Adultes, vous vous entendrez mieux. Pas sur tout. Elle sera là pour toi et toi pour elle. C’est ce qui compte, au fond.


 Tu as dix ans et une amie. Une amie, ça suffit ? Les autres t’ennuient, te chahutent. Tous des brutes. Elle est douce et coincée. Futée, mais effacée. Ses parents sont aussi riches que les tiens sont fauchés. Vos chemins se sépareront, la vie va s’en charger. Elle ira dans le privé, sauvée ? Toi chez les maculés, maculée.

 Grâce à elle tu as survécu, grâce à elle tu n’es pas si seule. L’un dans l’autre, vous avez trouvé le soutien pour avancer, le courage d’y retourner, été après été.


 Ces années ont passé, finalement moins dures que celles à venir. Tu entres en sixième. Seule. Certains te connaissent, d’autres te devinent. Tous au mieux t’ignorent. Tu vas passer de sales moments, mais l’important, c’est que tu ne vas pas t’effondrer. Je ne peux rien faire pour t’épargner, simplement te dire que tu es aujourd’hui plus forte. Tu t’en es sortie. Ces temps sont finis. Plus personne ne te persécute. Plus jamais tu ne croiseras ce regard, celui qu’on réserve au vilain petit canard. Tu n’es plus la dernière qu’on choisit. De ton front, tu as effacé le mot victime. C’est toi qui diriges ta vie. Tu n’es plus la pucelle trop frêle que les garçons harcèlent. Tu es une femme assumée aux formes girondes que les hommes regardent avec envie.

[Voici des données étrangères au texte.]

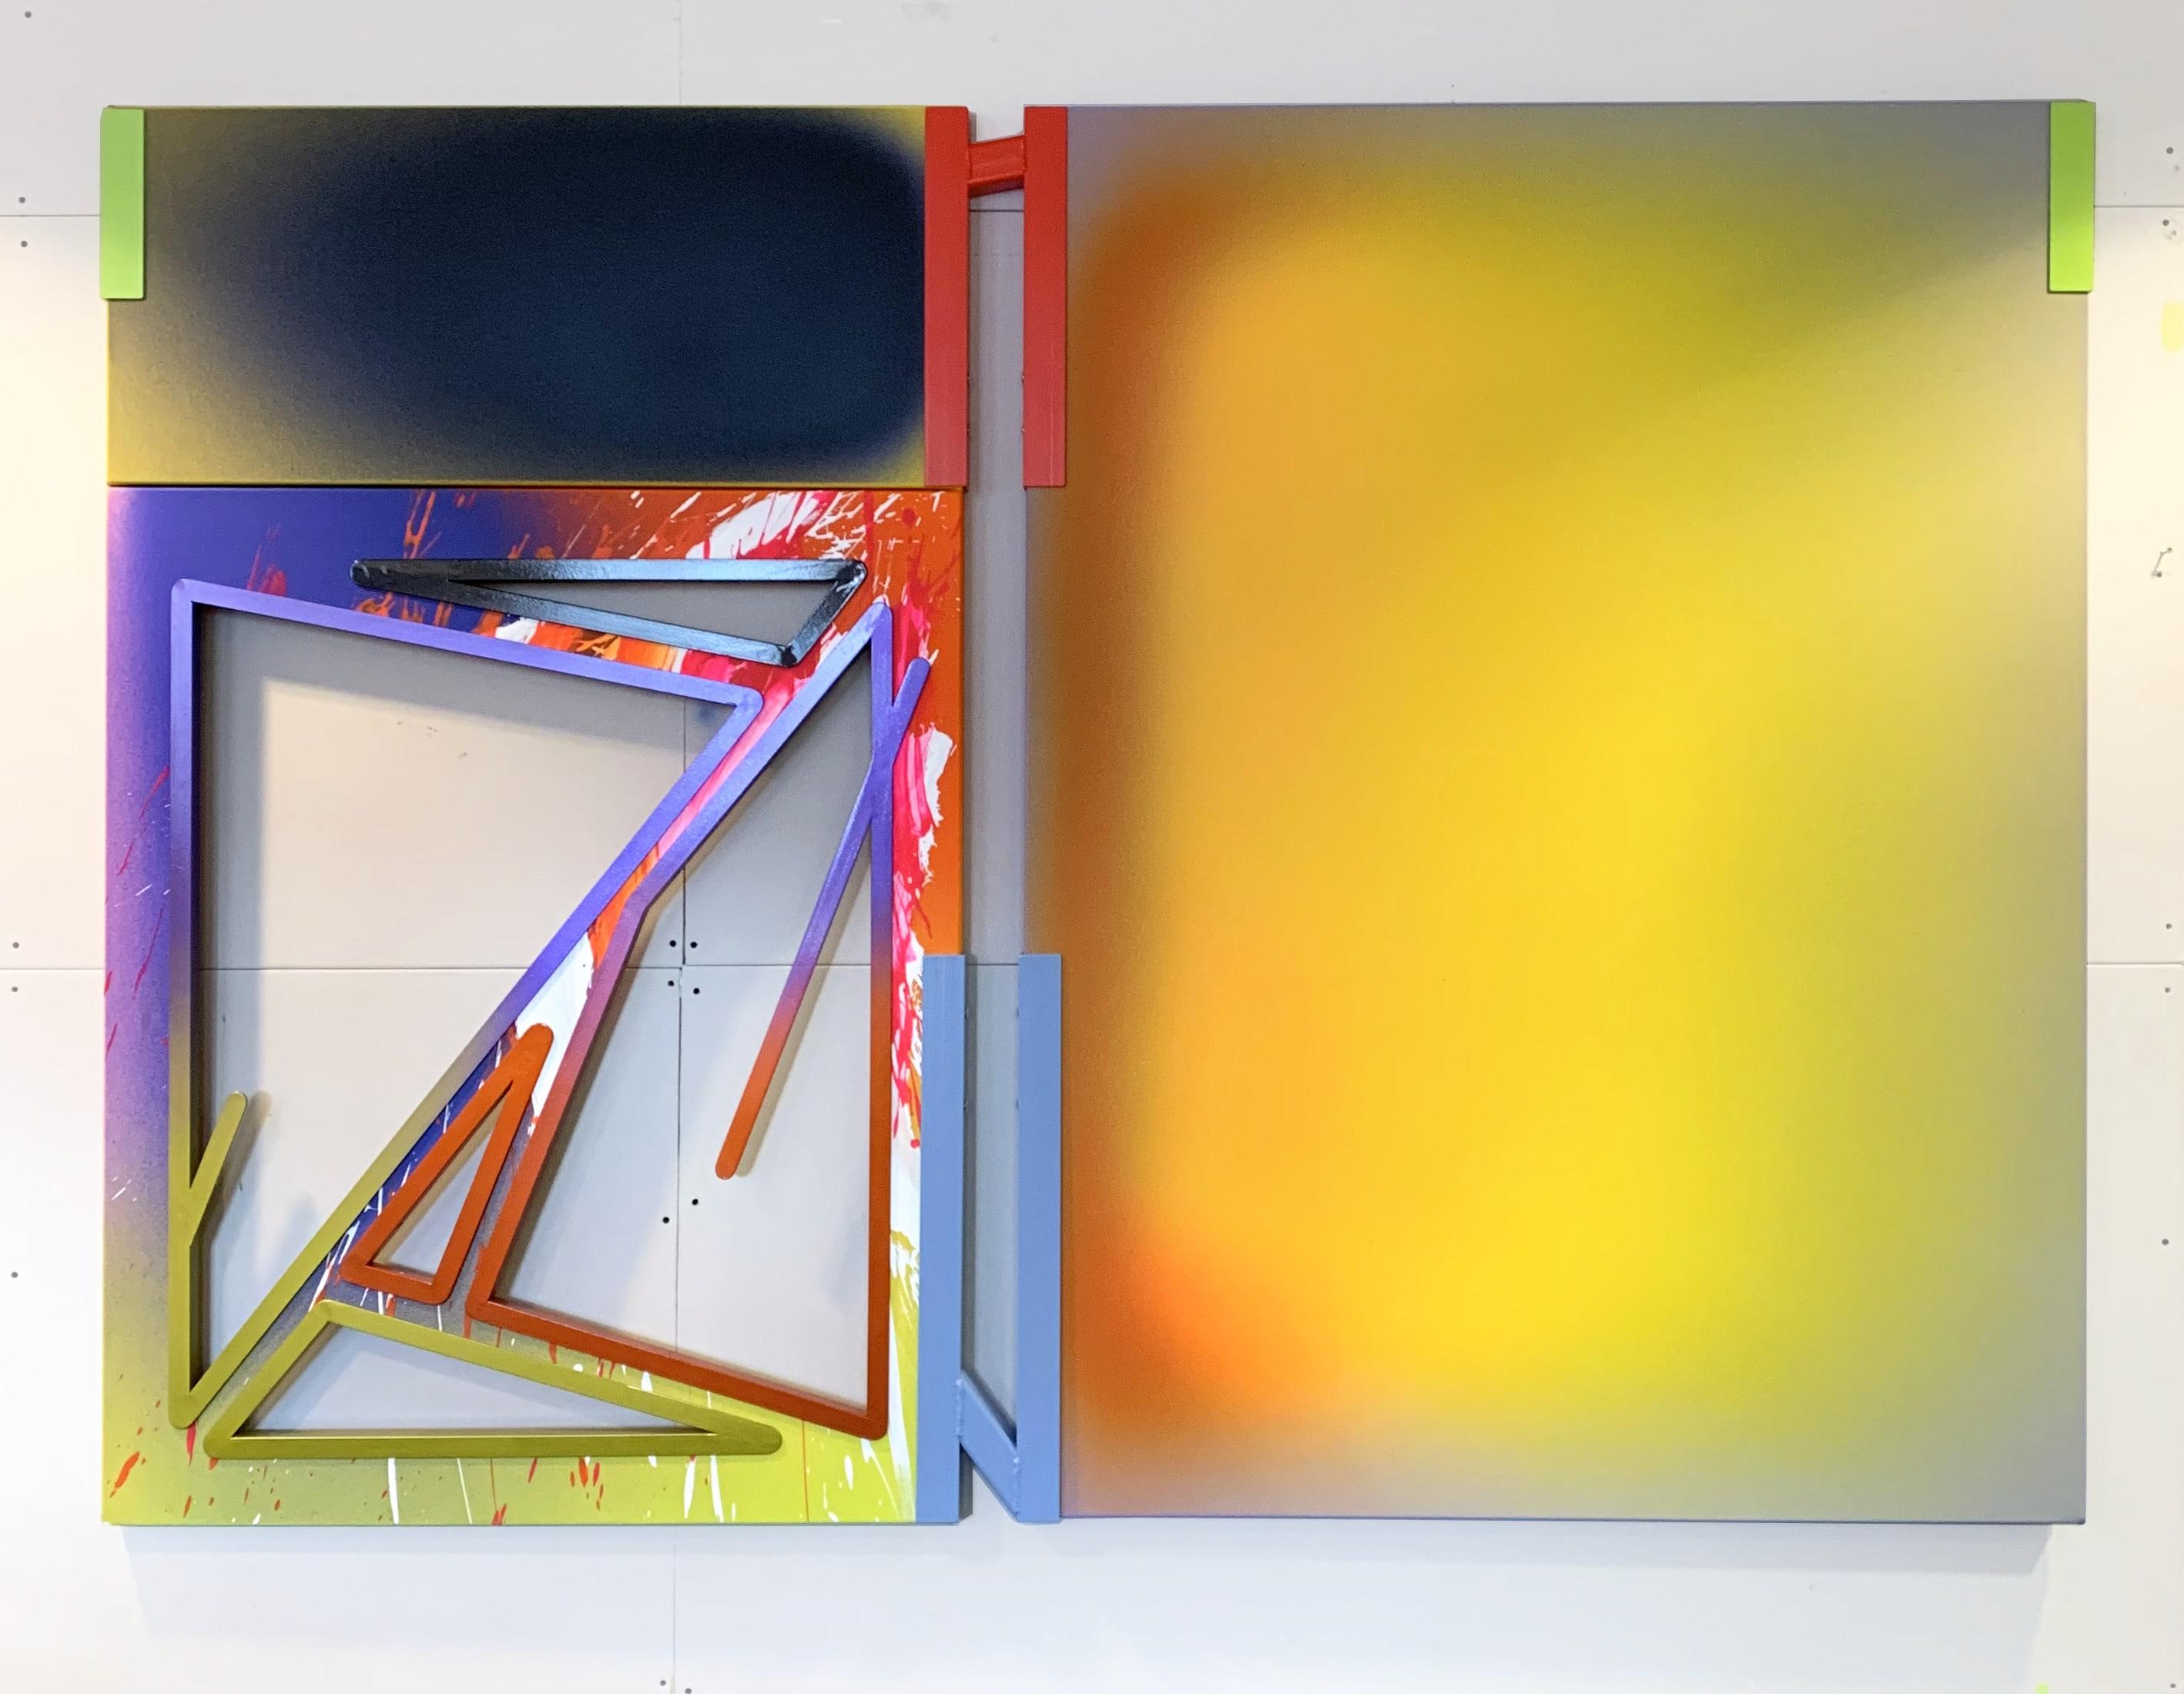 NemesM_The-Better-Self-06_2020_232x165cm_acrylic-carpaint-canvas-steel-powoodwder-coated-steel-wood-min

 Tu vas rencontrer l’Amour. Le pur, l’unique, tu lui donneras tout. Il t’aimera de tout son corps. Puis il te laissera, seule, sur le pavé. Tes premières fois, ne les regrette pas. Elles font de toi ce que je suis. Tu dois juste te préparer à avoir mal. Tu connais le précepte. On peut cent fois souffrir, mais qu’une fois mourir. Je suis là, tu n’en mourras pas.

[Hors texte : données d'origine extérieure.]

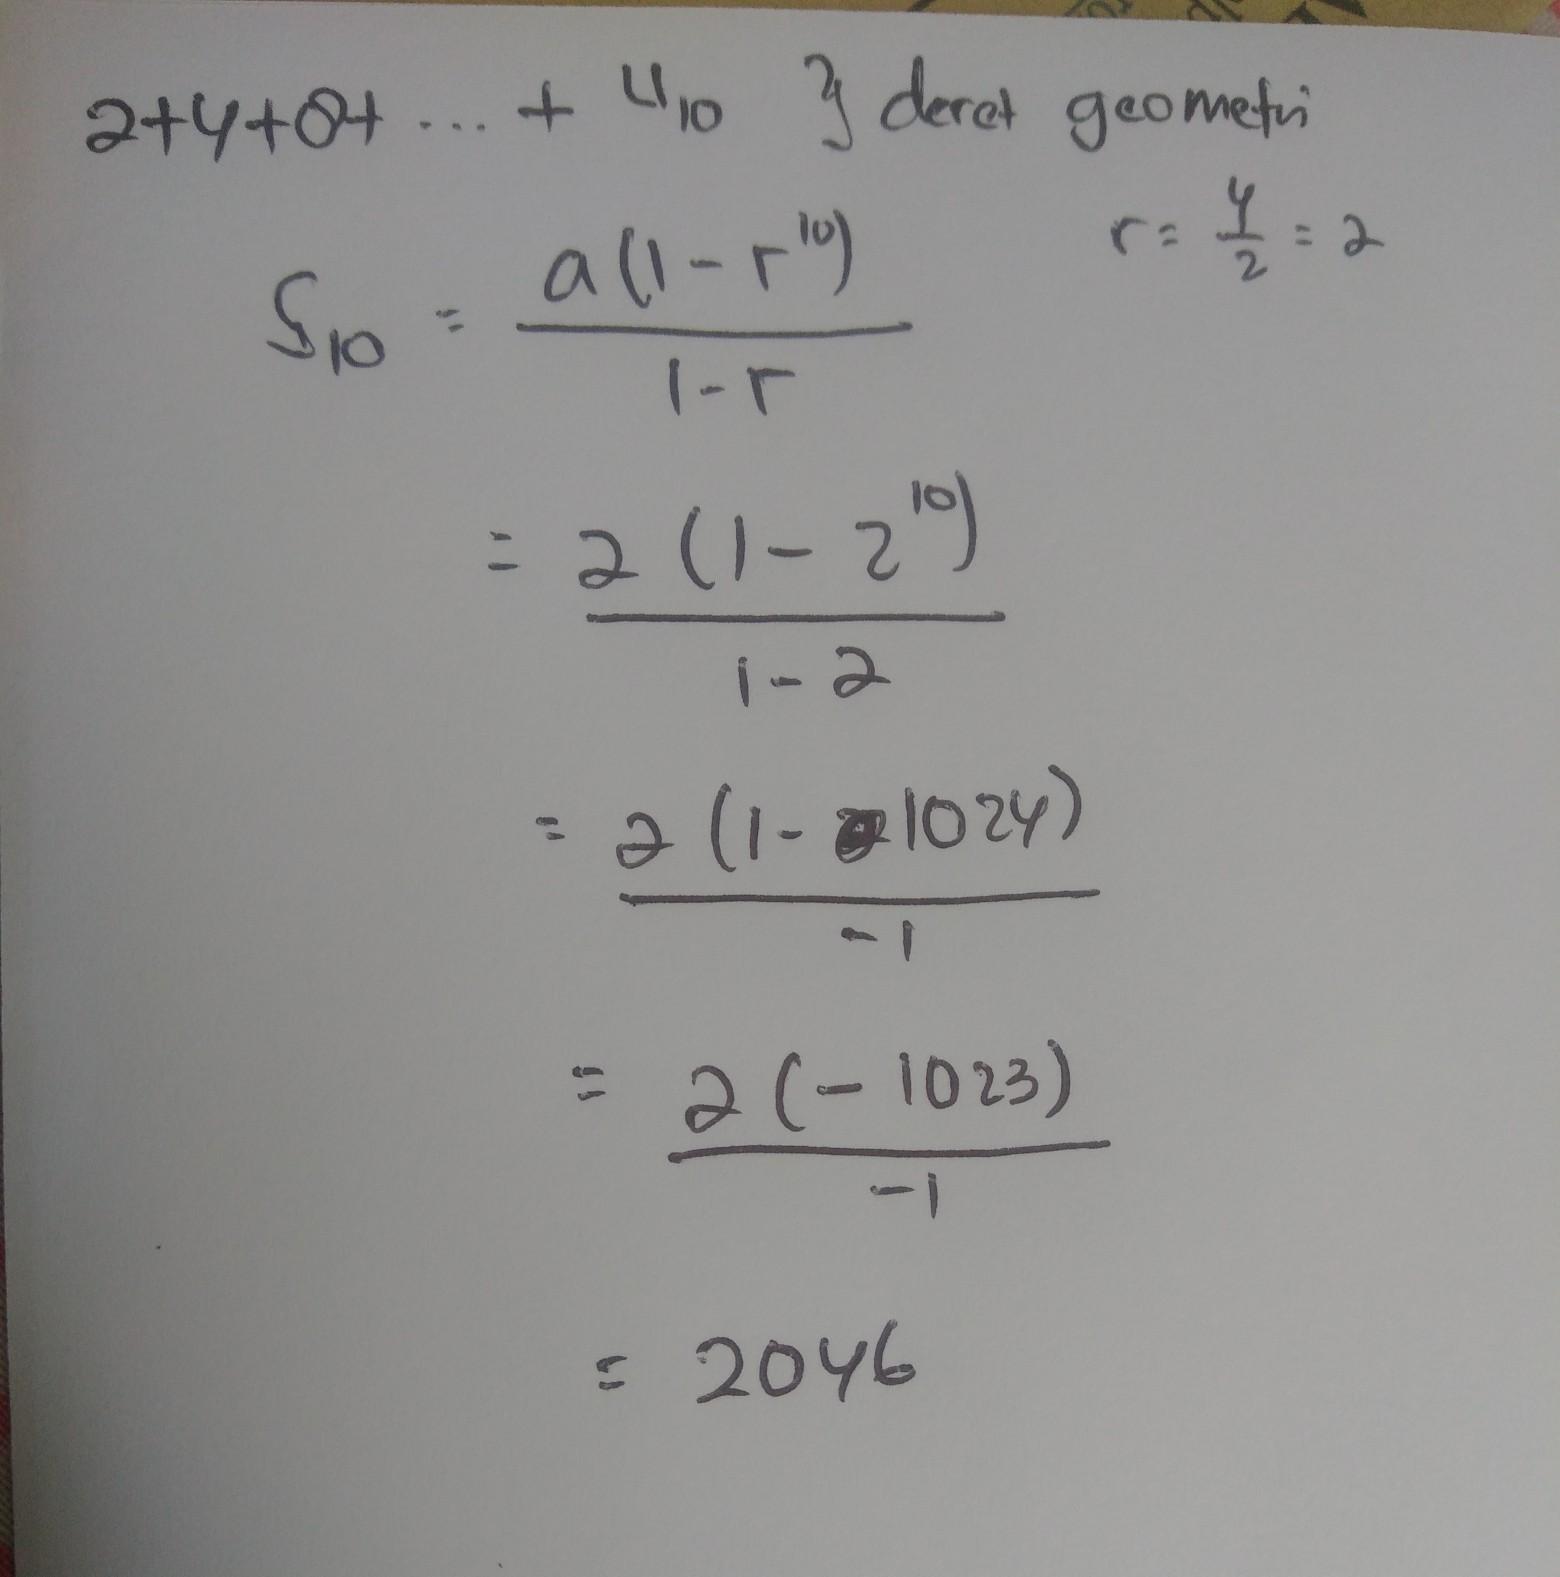 Hitunglah jumlah deret geometri 2+4+8+... sampai 10 suku ...

Tu es forte, là encore tu te relèveras. Plus grande, plus avisée, désabusée. Seule ton innocence est morte.


 Je pourrais te dire de ne pas t’inquiéter, que tout va bien se passer, mais ne le ferai pas. J’ai fini de mentir, de me mentir. Tu vas en chier. Beaucoup, longtemps.

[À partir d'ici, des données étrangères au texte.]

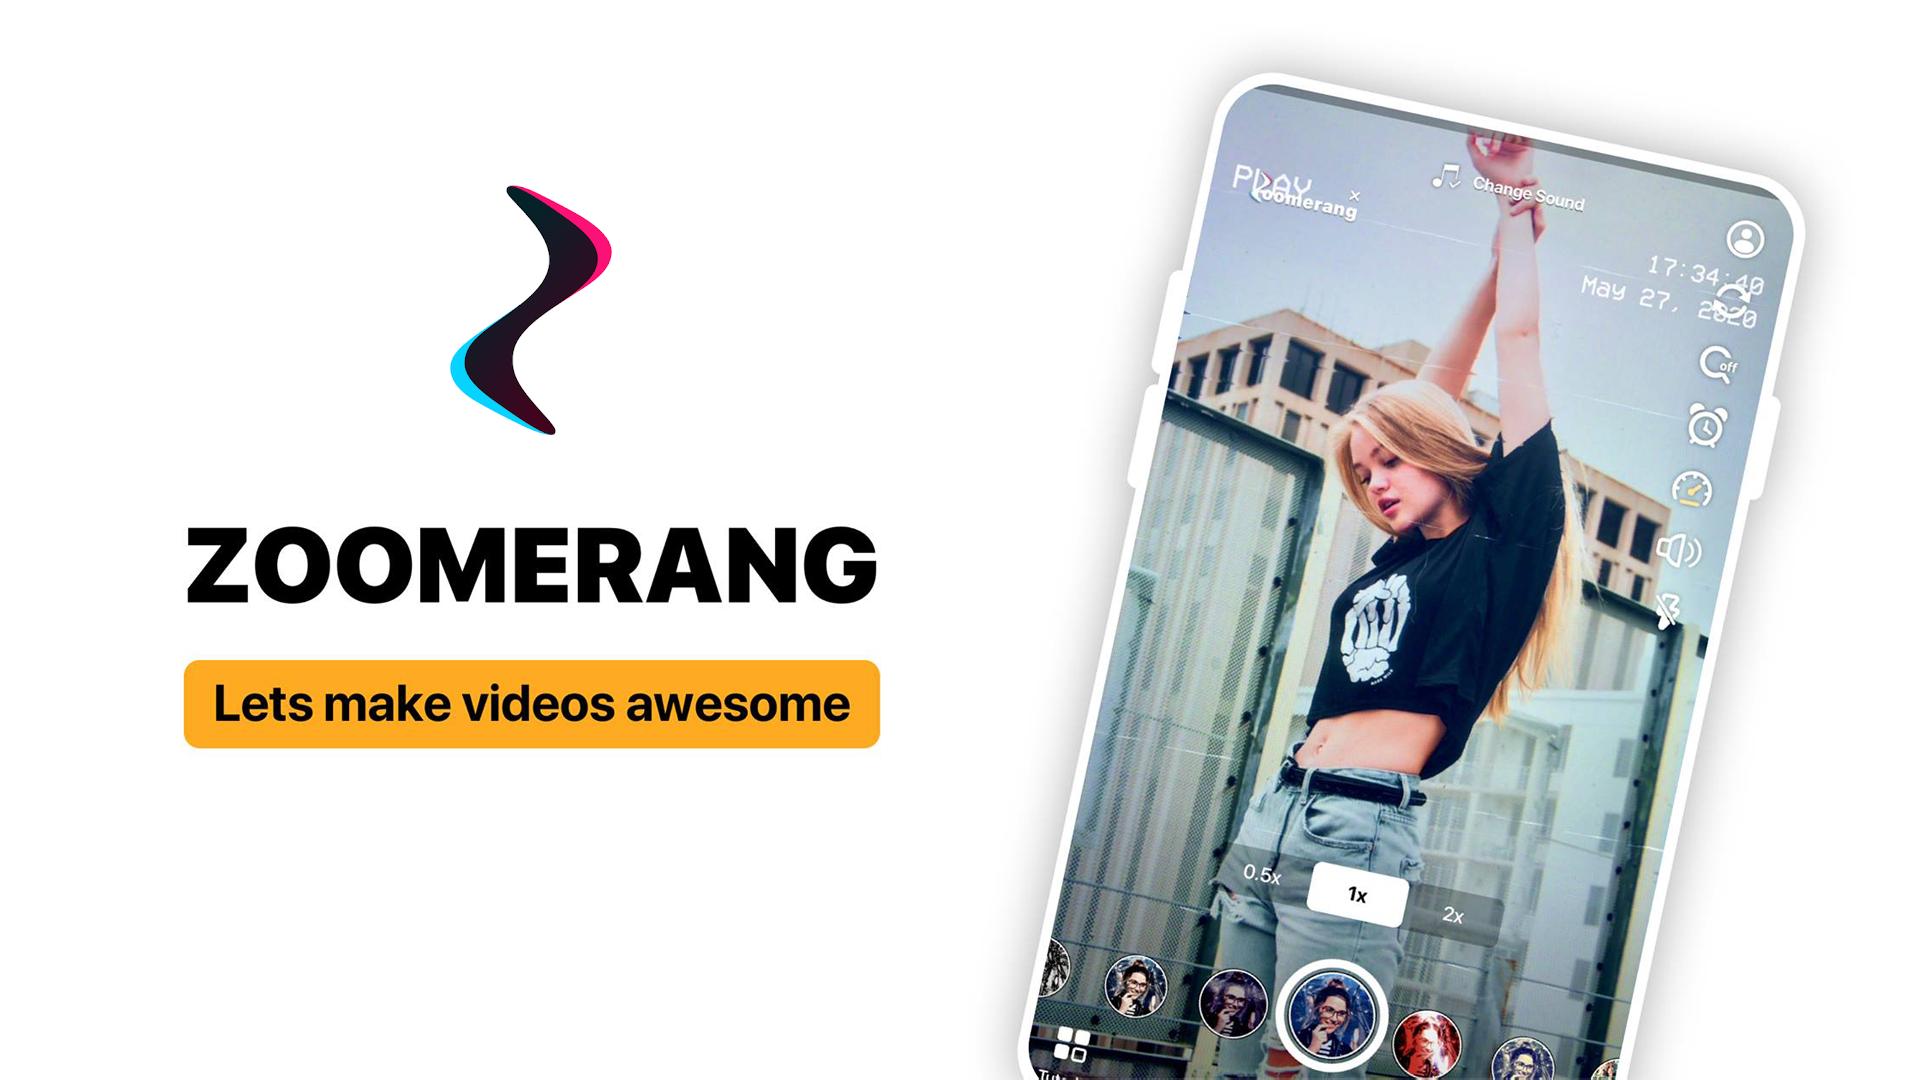 Zoomerang-banner

Mais tu vas t’en sortir, grandir et t’épanouir.

Tu passeras par tous les états. De la profonde dépression à l’euphorie la plus totale, tu t’écraseras dans les bas-fonds de la solitude. Tu te reconstruiras, mal. Il faudra encore tout démolir pour recommencer.


 Aujourd’hui les bases sont solides. Le château de cartes a brûlé, les cendres sont envolées.

Tu as bâti un nouveau château, il y a des douves et des tourelles, des personnages, beaucoup. Ils se disputent mais te protègent. Ils sont nous. Non, nous ne sommes pas folles, simplement adaptées à l’environnement hostile qui nous attend. Des mains se tendront vers toi. À toi de saisir les bonnes.


 Que cette missive te parvienne et trace un nouveau possible.